Все быстрее и быстрее мчался он, не замечая обжигающего лицо пронзительно-холодного ветра, но не мог уйти от маячащего у него за спиной темного призрака. «Только Фрида, одна Фрида сможет избавить меня от этого ужаса», — думал он, задыхаясь.
Еще до рассвета увидел он устремленные к небу стены и башни Эльфхолма. Страж ворот протрубил в рог, и дежурные дружинники отворили ему. Скафлок стремительно скользнул во внутренний двор замка, а подлетев к самым ступеням донжона, скинул лыжи и бегом побежал во внутренние покои.
Вернувшийся накануне вечером Имрик беседовал со своей сестрой.
— Не вижу ничего дурного в том, что Скафлоку приглянулась смертная дева, — молвил он, пожав плечами. — Это его личное дело, и потом, разве это так уж важно? Ты что, ревнуешь?
— Да, ревную, — призналась Лиа. — Но дело не только в этом. Тебе следует самому взглянуть на эту девицу. Вот увидишь, она — как бы оружие, направленное против нас.
— Вот как? — князь задумчиво потер подбородок, потом сказал, помрачнев: — Расскажи мне все, что ты знаешь о ней.
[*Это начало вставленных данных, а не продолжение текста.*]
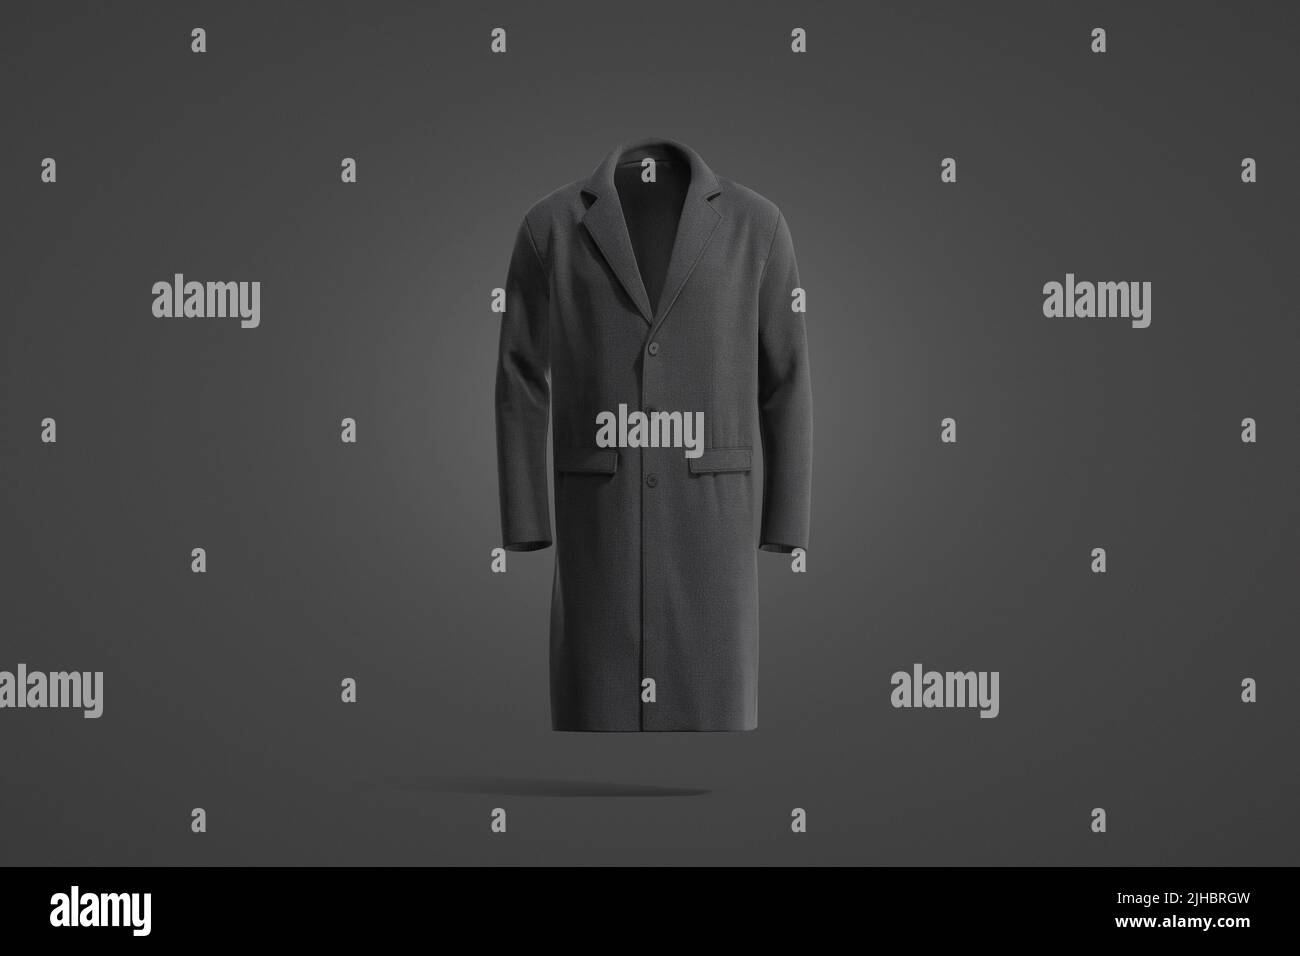 Mockup de abrigo de lana negra en blanco, fondo oscuro Foto de stock

— Зовут ее Фрида дочь Орма. Она с юга, из Области Датского Права. Родные у нее все погибли.
— Фрида дочь Орма… — Имрик в ужасе отшатнулся. — Ведь это значит, что…
Тут в палату влетел Скафлок, не на шутку напугав Лиа с Имриком своим измученным видом. Какое-то время понадобилось ему, чтобы перевести дыхание, потом он рассказал им о своей встрече с асом.
— Что имел в виду Тюр? Скажи, Имрик, кто я?
— Я знаю, что он имел в виду, — строгим голосом проговорил князь. — И потому никому, кроме меня, не дано узнать тайну твоего рождения. В одном могу тебя уверить: ты из хорошей семьи и оснований стыдиться своего происхождения у тебя нет.
Он продолжал говорить в том же духе, спокойным, уверенным голосом, и вскоре Скафлок с Лиа ушли совершенно успокоенные.
Оставшись один, Имрик принялся мерить шагами палату, тихо рассуждая сам с собой.
— Кто-то заманил нас на опасный путь. — Он стиснул зубы. — Лучше всего было бы избавиться от девчонки. Но нет, Скафлок бдительно охраняет ее, используя все свое знание и умение. Стоит мне предпринять что-то против нее, он непременно узнает. Надо сохранить тайну. Скафлоку-то все равно, в таких вещах он мыслит, как эльф. Но если он об этом проведает, скоро узнает и девчонка. А ведь они нарушили одну из главнейших заповедей, данных человеческому роду. В отчаянии она может сотворить все, что угодно. А Скафлок нам нужен.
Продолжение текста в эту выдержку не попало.